125 Views Asked by adiba aslan AtThere are 2 best solutions below

In short
No it can’t
Long explanation
The architectural approach of Entity-Control-Boundary aims to derive the design from use-cases.
The roles and responsibilities of the boundaries and the controls are incompatible in this model:
- the boundary manages the interaction between a group of actors and a use-case,
- the control manages the execution of the use case and coordinates other involved objects.
This leads to the following robustness constraints:
- A boundary can be associated with a control, but must not be associated with an entity.
- A control can be associated with a control and an entity.
A subclass of a boundary would by definition itself be a boundary class.

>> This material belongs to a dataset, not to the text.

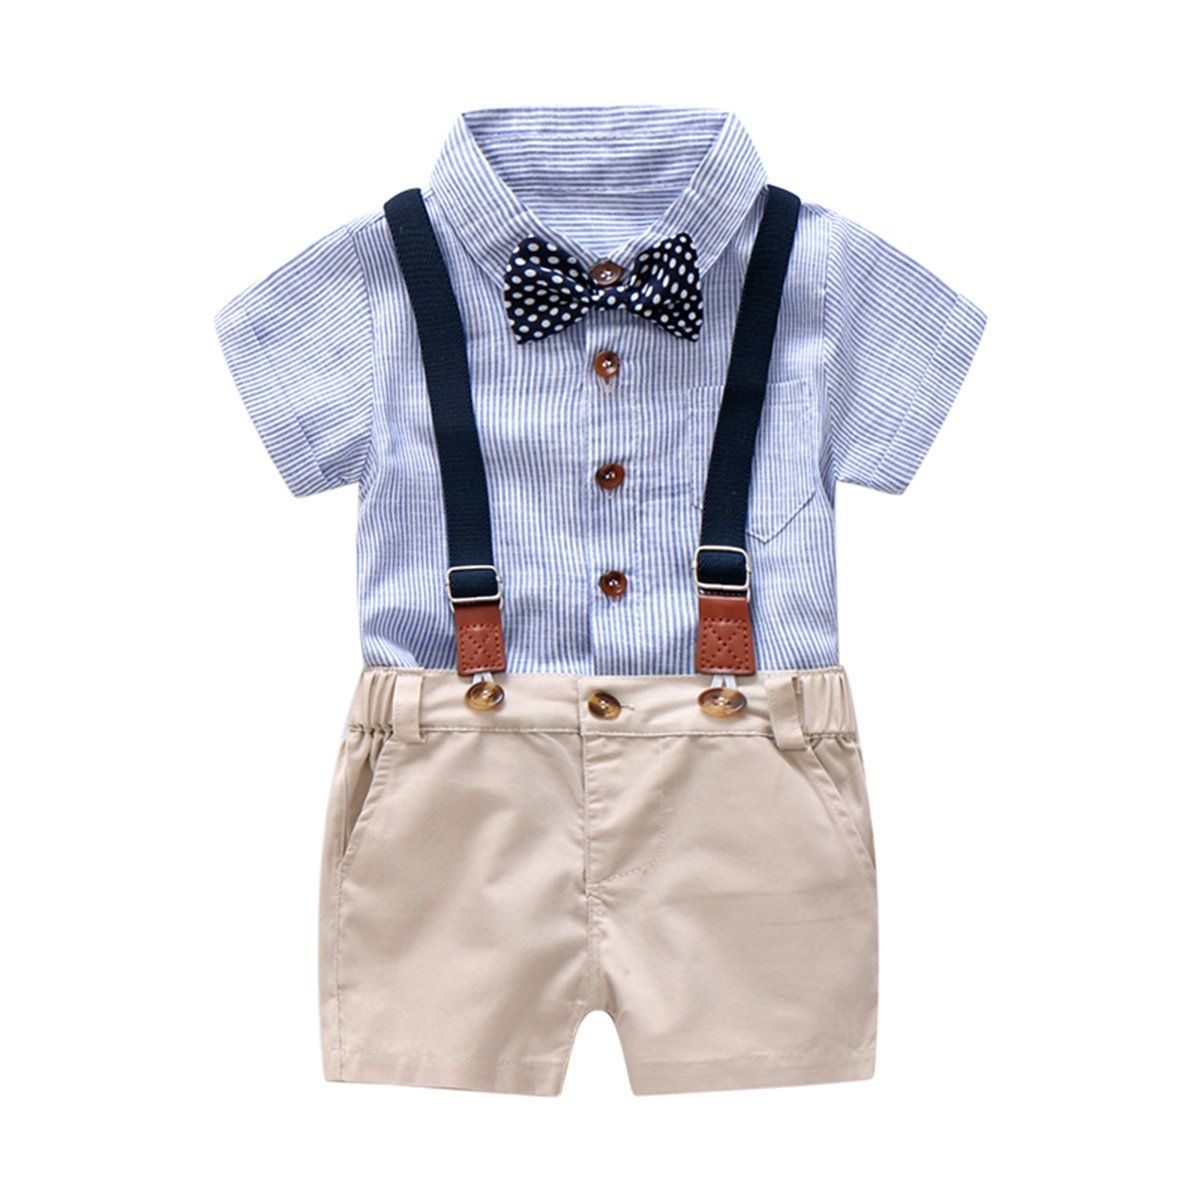 Gray, 6 Month Newborn Kids Boys Summer Bowtie Short Sleeve Shirt+Suspenders Shorts Set

If it could be at the same time a control this would mean that at the same time it can be associated with an entity but must not be associated with an entity, which is impossible. So, no, these two roles can’t be taken by the same class.
Some nuance
I assumed above that you were using ECB and wrote « controller » but meant « control » with its specific ECB meaning.
But you could have used « controller » on purpose to refer to a more general class responsibility (responsibility driven design terminology). In this understanding a controller just coordinates other classes without taking into consideration larger architectural components. It is possible to have a boundary controller (i.e. a boundary class such as a a dialog box controller) that coordinates other boundary classes (e.g. dialog text boxes and buttons) independently of any specific business logic. This is possible because the notion of controller-class is orthogonal to theECB-Control class
Subclassing means inheritance. That is the subclass inherits from the superclass. In that respect the subclass is still whatever the superclass is. But since it's something new it may as well inherit anything else. So it may inherit from a controller class as well making it a hybrid. Whether that is meaningful depends of course. The MVC paradigm aims towards separating boundaries1 (views) from controllers. Uniting them once again is just working counter that paradigm.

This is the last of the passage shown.